- Location: 0°11′01″N 30°27′12″E﻿ / ﻿0.1836°N 30.4534°E Kamwenge, Uganda
- Date: 26 December 1994
- Target: Revelers at Kamwenge Trading Centre
- Attack type: Mass murder
- Weapons: Submachine gun
- Deaths: 13
- Injured: 14
- Perpetrator: Alfred Ogwang

= Kamwenge Trading Centre shooting =

1994 shooting in Kamwenge, Uganda

The Kamwenge Trading Centre shooting was a mass murder that occurred in Kamwenge, Uganda on 26 December 1994, when police constable Alfred Ogwang shot at revelers in a disco at Kamwenge Trading Centre, killing 13 people and wounding 14 others. He escaped to Dura afterwards, where he was arrested.

==Shooting==
On the evening of 25 December 1994, at about 9 p.m., 28-year-old police officer Alfred Ogwang, who was stationed at the Kamwenge Police Post, went to attend a disco dance at the Kamwenge Trading Centre. When he tried to enter the canteen to get some beer at about 11 p.m., he found the door blocked from the inside by several guests. After he was finally let in, he got into an argument with Geofrey Ruhara for this provocation, whereupon all the guests were taken out of the canteen. Outside, Ruhara apologized to Ogwang, who, still angered about the incident, then went home. Upon returning to the barracks he fetched his gun, which was described as an SMG rifle, and made his way back to the Trading Centre.

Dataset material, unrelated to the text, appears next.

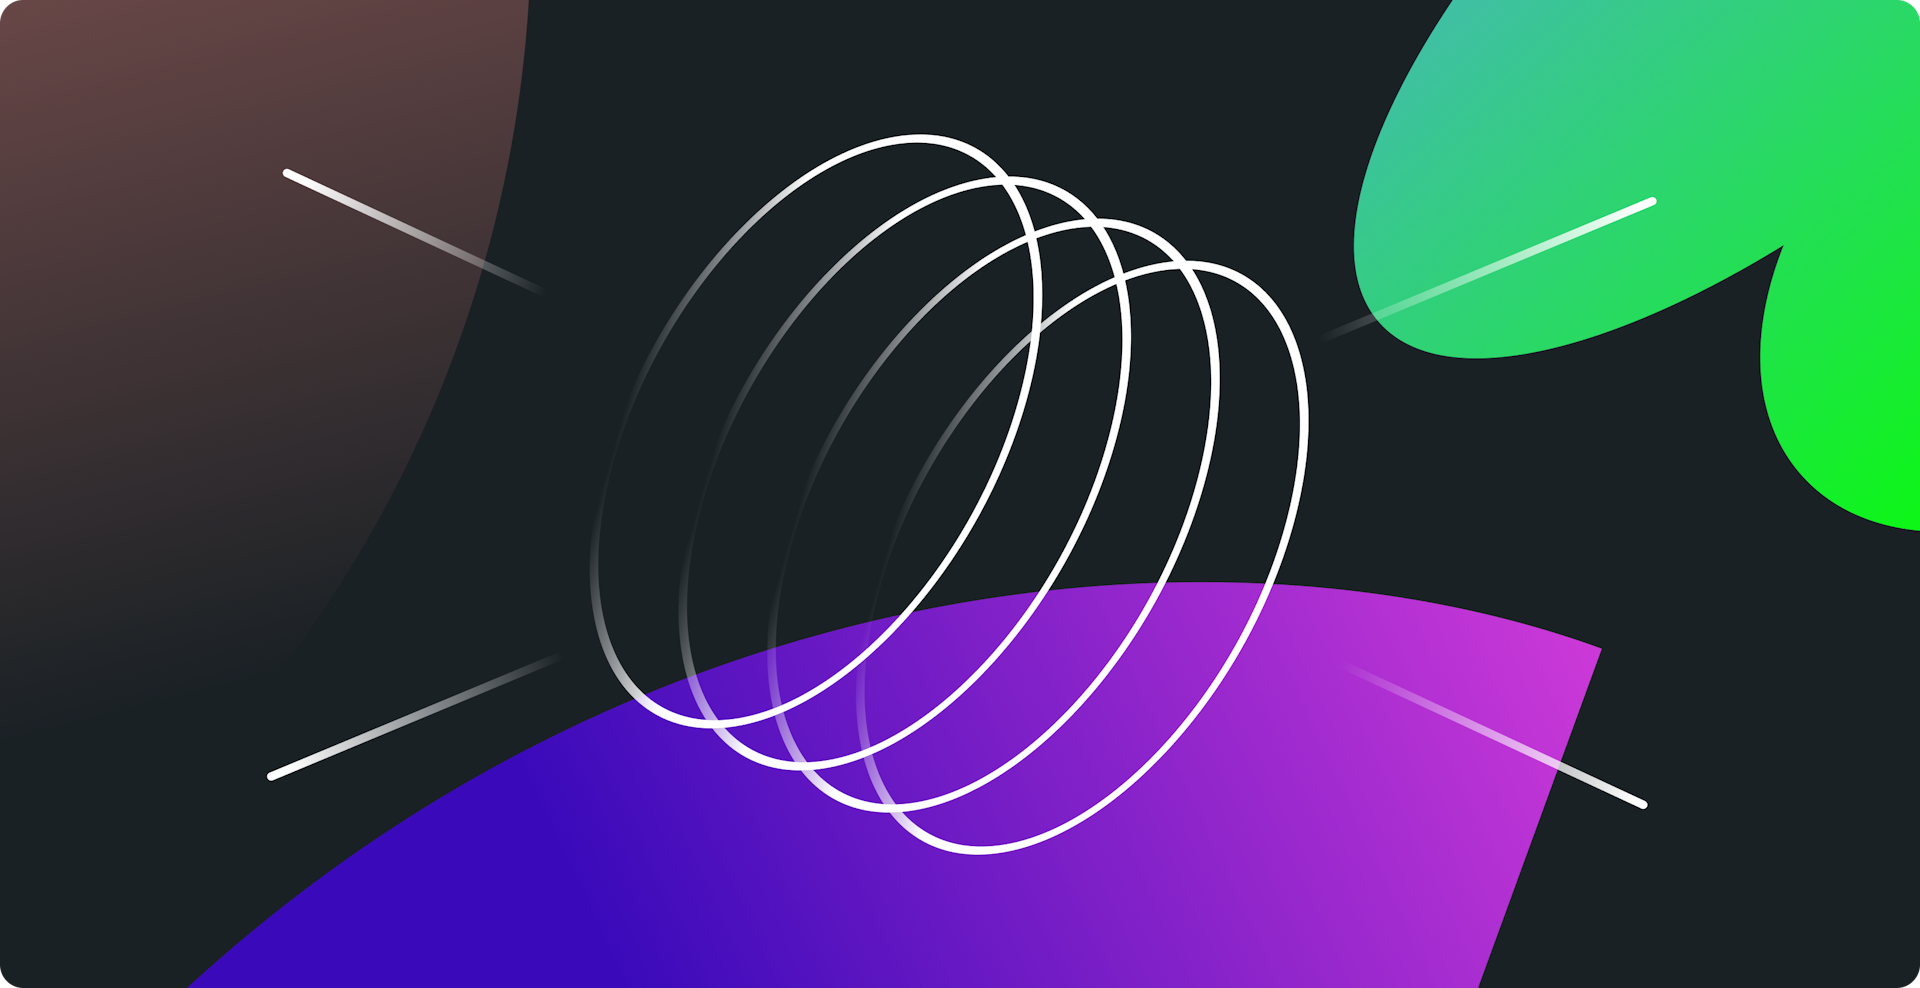 Stack of white circles and colorful shapes on a black background

Just after midnight Ogwang began shooting in the canteen, where he first shot dead Geofrey Ruhara, before killing John Rutaro, Patrick Kugonza, and Stephen Chance. Yelling "I will finish you all!" he then turned his rifle against the crowd in the dancing hall. When the generator was switched off, and the lights went out in the building, Ogwang stopped firing and fled. By then he had killed 13 people and wounded 14 others.

In the morning, at about 7 a.m., he was met at the barracks by Inspector Kisembo, who said he was awakened by some shots. Ogwang aimed his rifle at Kisembo, who managed to wrest it from the gunman's hands after a short struggle. While Kisembo went back to sleep, Ogwang escaped to Dura where he had a brother at an army post. There, he was arrested the next day and brought back to Kamwenge. An examination of his mental state, conducted on 29 December, found him to be sane.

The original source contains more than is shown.